Obchodzenie miesięcznic katastrofy smoleńskiej i blokowanie połowy Warszawy to niejedyny sposób, w jaki politycy PiS upamiętniają ofiary wypadku. 18. dnia każdego miesiąca delegacja Prawa i Sprawiedliwości z Jarosławem Kaczyńskim i Mateuszem Morawieckim na czele przyjeżdża do Krakowa na specjalną uroczystość ku czci Lecha i Marii Kaczyńskich.
Podobne
Cykliczne wizyty przedstawicieli rządu w dawnej stolicy spotykają się jednak z oporem. Przy Wzgórzu Wawelskim zawsze oczekuje ich grupa protestujących.
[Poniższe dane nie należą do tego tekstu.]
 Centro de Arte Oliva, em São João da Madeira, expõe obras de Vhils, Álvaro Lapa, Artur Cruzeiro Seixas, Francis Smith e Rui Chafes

Demonstranci starają się powstrzymać wjazd delegacji PiS na Wawel, a także wykrzykują hasła w stylu "Będziesz siedział!". Protesty są zabezpieczane obstawą policji, przy czym dochodziło do sytuacji, w których funkcjonariusze i uczestnicy manifestacji ścierali się ze sobą fizycznie.
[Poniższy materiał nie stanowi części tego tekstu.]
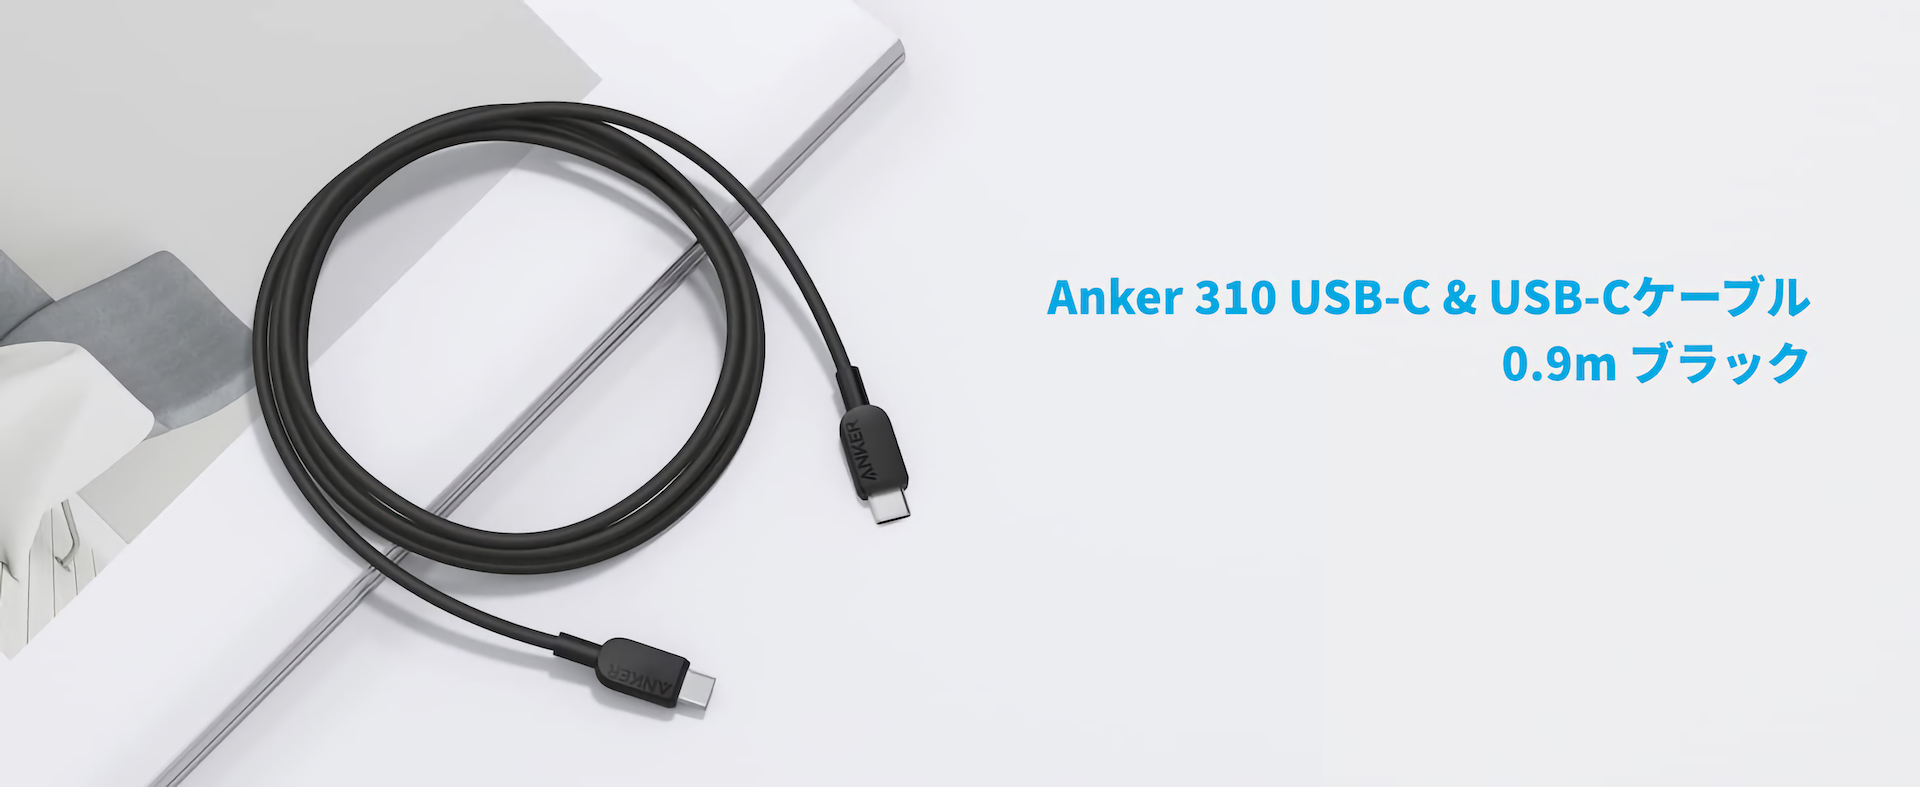 Anker 310 USB-C & USB-C ケーブル

Za organizację legalnych demonstracji odpowiadał m.in. Komitet Obrony Demokracji, "Dość milczenia" oraz "Polskie Babcie".
Barbara Nowak kontra "seanse nienawiści"
Małopolska kuratorka oświaty hardo opowiedziała się przeciwko organizacji protestów. Postanowiła napisać petycję do wojewody Łukasza Kmity, w której postuluje o zakazanie manifestacji. Pismo ujrzało światło dzienne pod zaskakującym tytułem "Wawel bez hejtu".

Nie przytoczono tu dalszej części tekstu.